What the hell is load balancing? Literally, it has two meanings: load and balance. For the system load balancing it also has two layers of meaning, system load refers to the system can bear the maximum access traffic, system balancing refers to the front-end requests to be evenly distributed to the back-end machine, at the same time, the same user to be allocated to the same machine as far as possible. The system has the following benefits after load balancing:

1. Avoid wasting resources. If we choose a bad balancing algorithm, it will lead to waste of backend resources. For example, if the consistent Hash algorithm is used, the cache capacity can be well utilized. Using randomness, on the other hand, can compromise cache performance.

2. Avoid service unavailability. When we don’t consider the carrying capacity of system, may directly crush a machine, such as when the machine’s CPU utilization of 80%, if you have a large number of requests, so the machine downtime directly, or even cause an avalanche of (a machine downtime, the corresponding request will be distributed to other machines, then other machine also can appear downtime, That all the machines go down).

Theoretical basis

The system to achieve load balancing, behind must need some algorithm support, the following is to see the corresponding algorithm.

1. Load algorithm

Since there are many ways to solve the carrying capacity of the back-end system, the common ones are as follows:

Static configuration

This approach is the most effective and stable for small and medium-sized systems.
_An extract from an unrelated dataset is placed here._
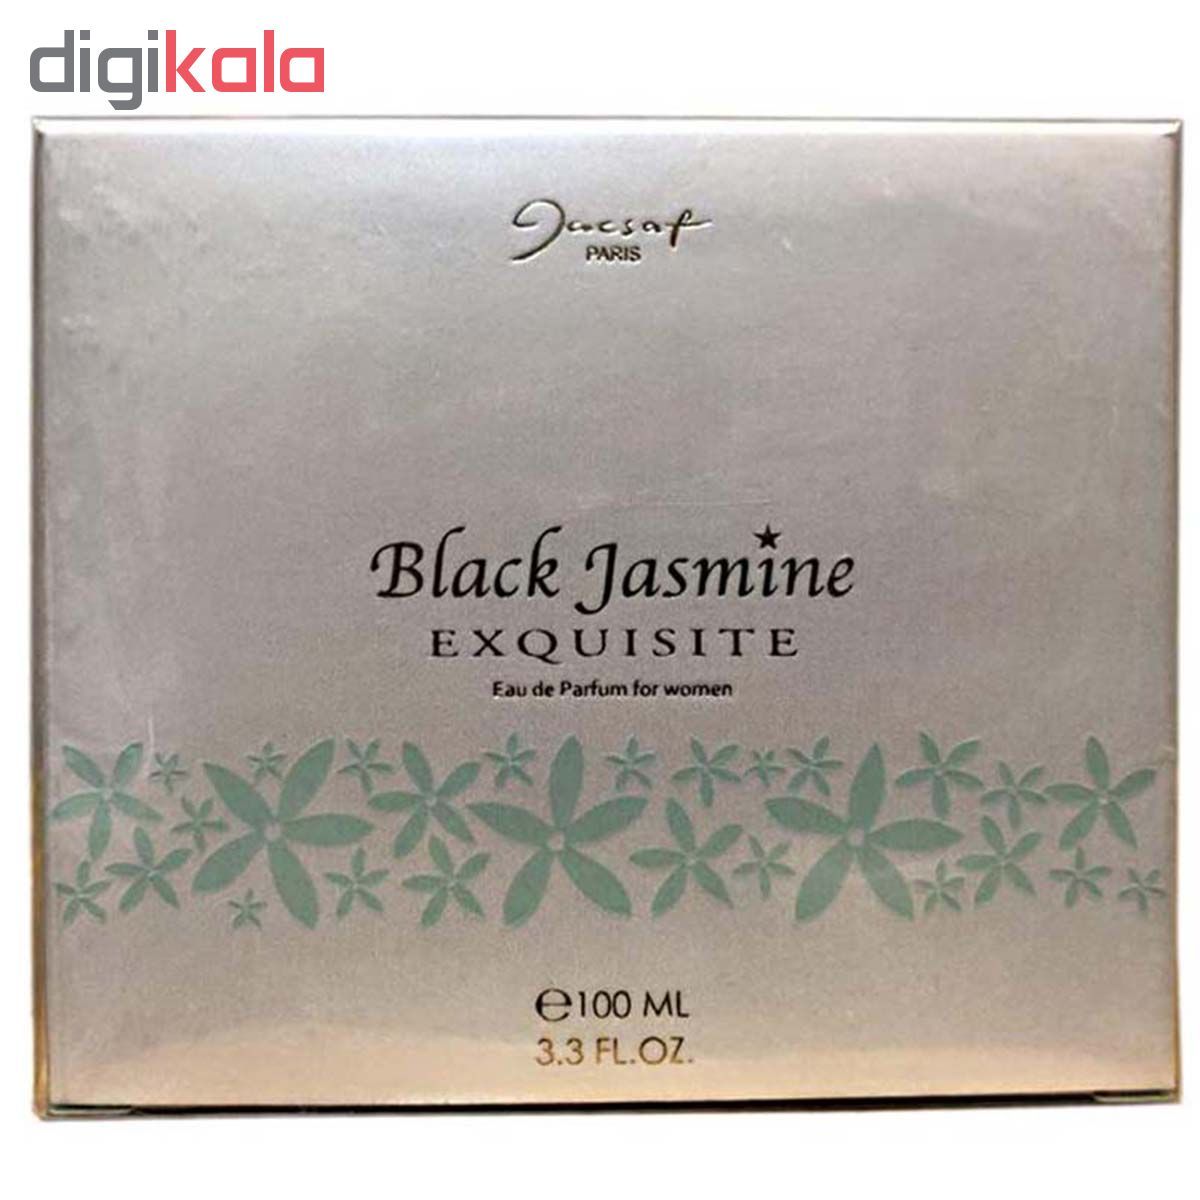 ادو پرفیوم زنانه ژک ساف مدل Black Jasmine Exquisite حجم 100 میلی لیتر -  - 2

We know best because of the performance configuration of the back-end machine, which services are deployed on it, how much carrying capacity there is, and so on. For example, we often see nginx configuration:

Dynamic adjustment

When a machine fails and requests cannot be processed due to performance issues, if new requests are assigned to the node at this point, the node may go down. Therefore, it is very important to dynamically adjust the weight of nodes according to the actual load of nodes. Of course, getting to the true load of the node and how to define the load, whether or not the load is collected in a timely manner, are issues to consider.

Dynamic adjustment firstly calculates the request response time of all nodes. For the node that responds quickly, we can allocate more requests to it, and then increase its request number. When its response becomes slow, we can slowly reduce its request number, and gradually find the optimal balance point of the node, namely, how many requests to allocate to it. We find the equilibrium of all the nodes by the same method.
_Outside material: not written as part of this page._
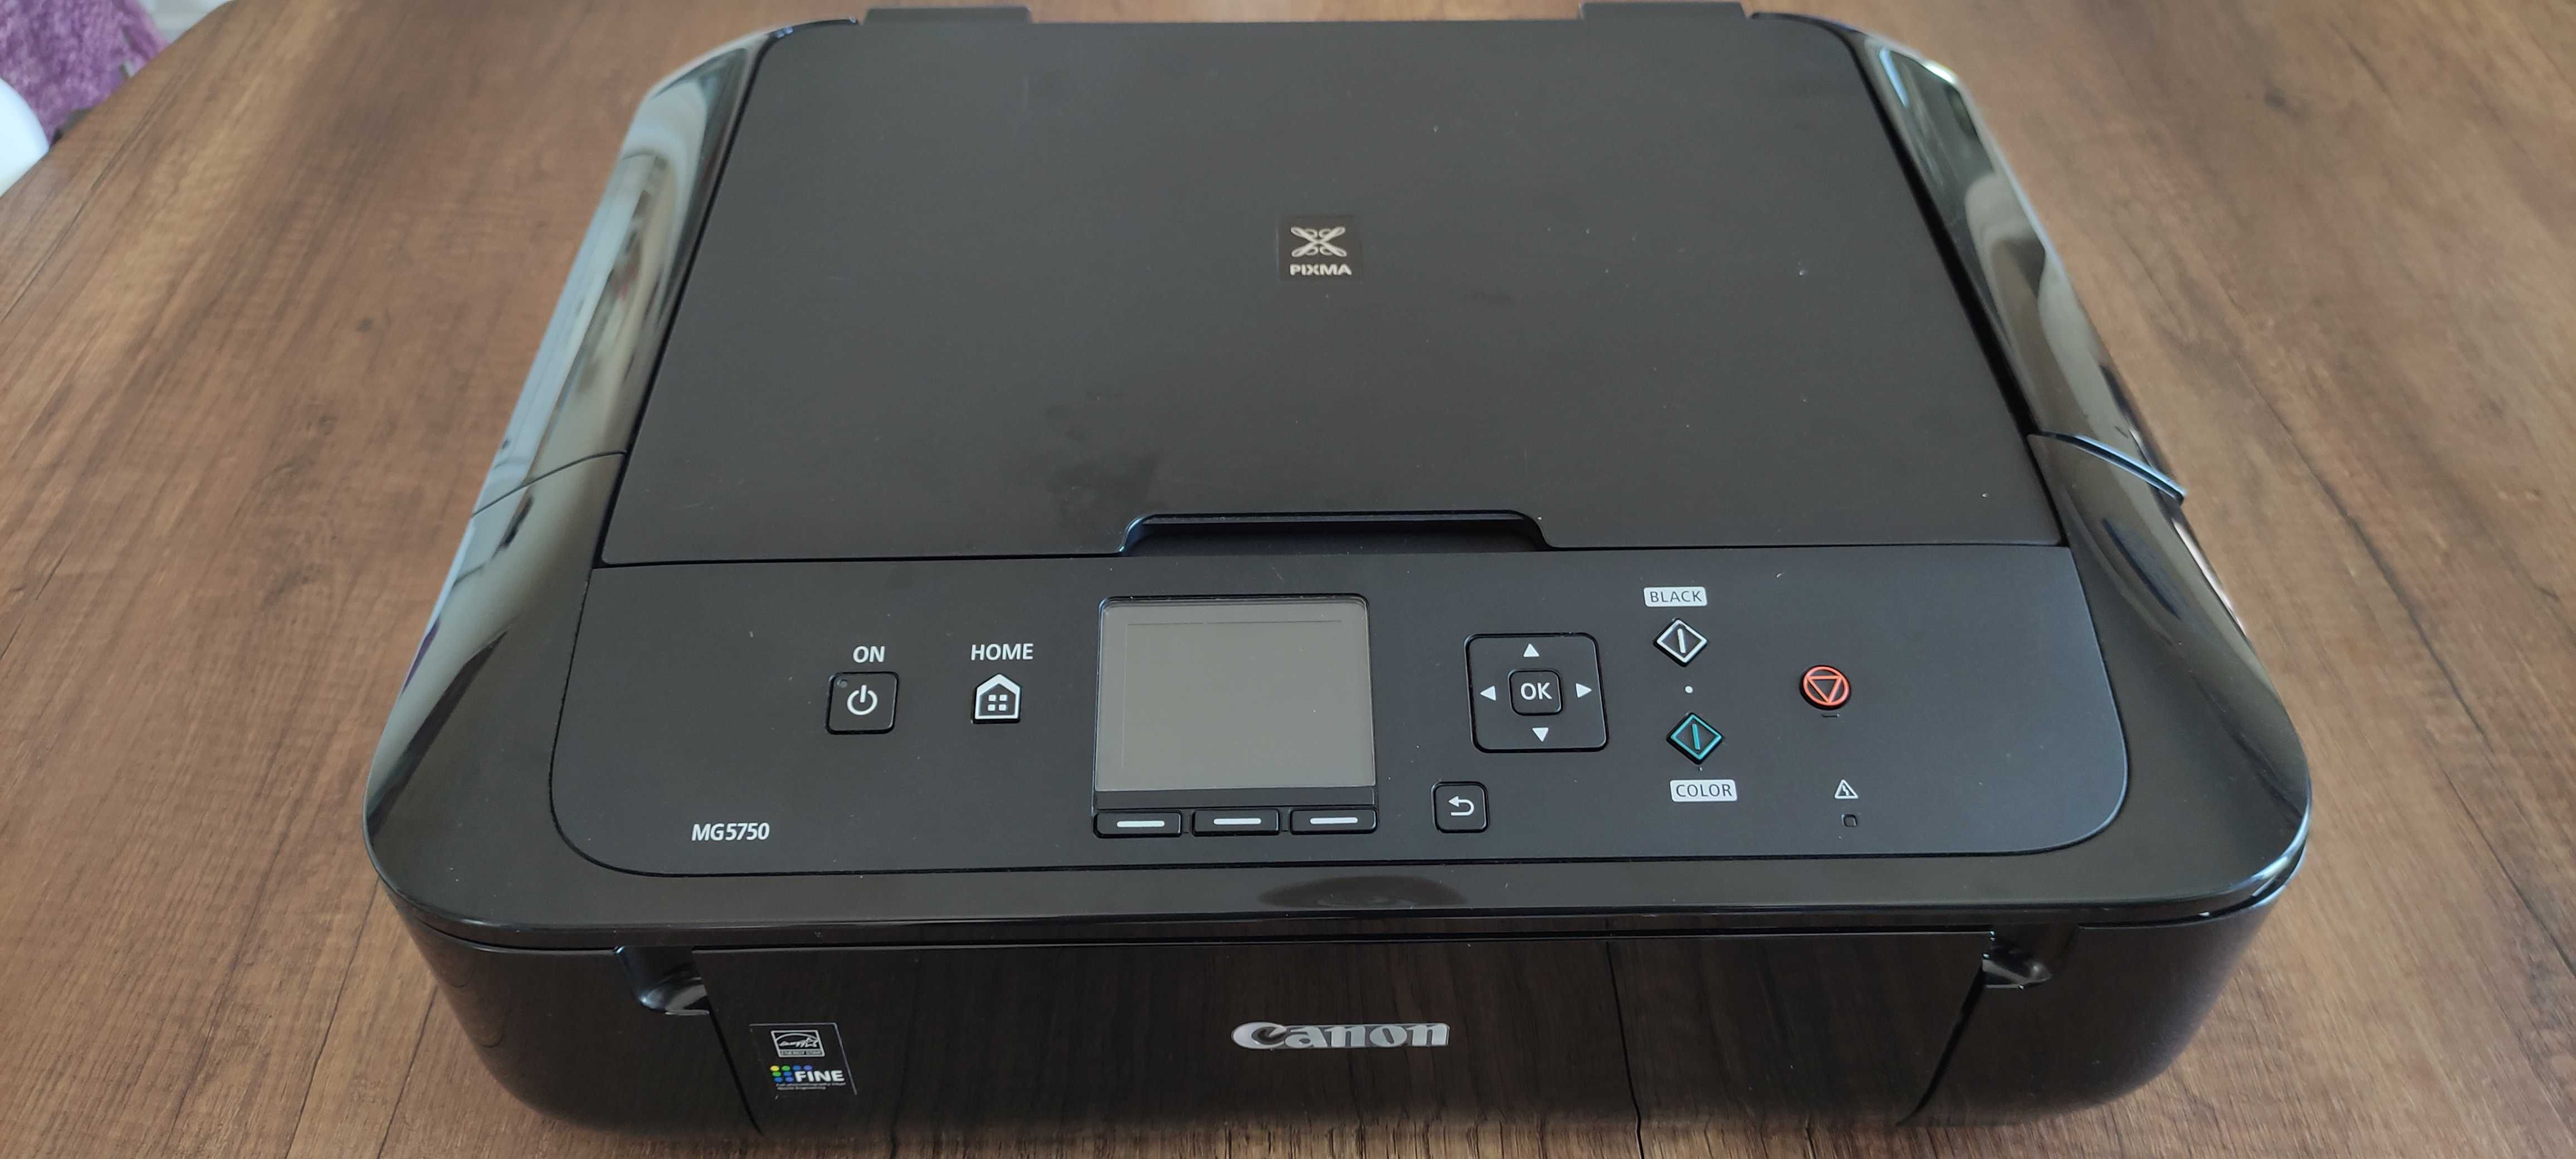 Принтер Canon MG5750-pixma

The advantage of this approach is that you can dynamically balance the processing power of subsequent servers. However, every coin has two sides. This scheme, if taken to the extreme, could cause an avalanche. When a machine has a brief period of network jitter, its response may be slow, and the front-end service allocates its requests to other machines. If you allocate too many, it may cause some machines to respond slowly. The requests from these machines are then allocated to other machines. This can cause an avalanche.

2. Equalization algorithm

The balancing algorithm mainly deals with how requests are sent to back-end services. Three algorithms are commonly used: random, round robin, and hash.

Random algorithm

Random algorithm is to distribute all requests to each node through a random function. This method is relatively simple and can evenly distribute requests to each node. Therefore, random algorithm is often used.

Polling algorithm

Polling algorithm is to provide services to all nodes with the same probability, but it does not take into account the performance difference between each node. For the same number of requests, nodes with good performance can easily complete, while nodes with poor performance complete more laborious. Therefore, we propose a weighted polling algorithm to assign different weights to nodes with different performance.

The hash algorithm

Usually, the user ID or IP address is used as the key to calculate the hash value, and then the number of nodes is modelled, that is, the hash(key) mode n, where N is the number of nodes, to obtain the node on which the user request falls. This method can make the same request fall on the same node, but when the number of nodes changes dynamically, this method is not very suitable. At this point, a consistent hash algorithm should be used. In the consistent hash algorithm, each server is divided into V virtual nodes, and all virtual nodes (N * V) are randomly assigned to the consistent hash ring. In this way, all users from the position on the ring to the first VNode clockwise is their node. If the node is faulty, remove another node clockwise as a replacement node. A more detailed description can be found in the consistent Hash article, which will not be expanded here.

The specific implementation

The current load balancing system includes Nginx, LVS and F5, which are always sad. Nginx is the 7-layer load balancing of software, LVS is the 4-layer load balancing of kernel, and F5 is the 4-layer load balancing of hardware.

The difference between software and hardware lies in performance, hardware is far higher than software, Nginx performance is ten thousand level, a general Linux server installed on a Nginx can reach 50 thousand concurrent requests per second; The F5, on the other hand, can do megabits, anywhere from 2 to 8, but it’s expensive.

The difference between Layer 4 and Layer 7 is protocol and flexibility. Nginx is layer 7, which supports protocols like HTTP, while LVS and F5 are layer 4 protocols, which are protocol independent and can be done by almost any application.

Welcome to follow wechat public account: Mukeda, all articles will be synchronized on the public account.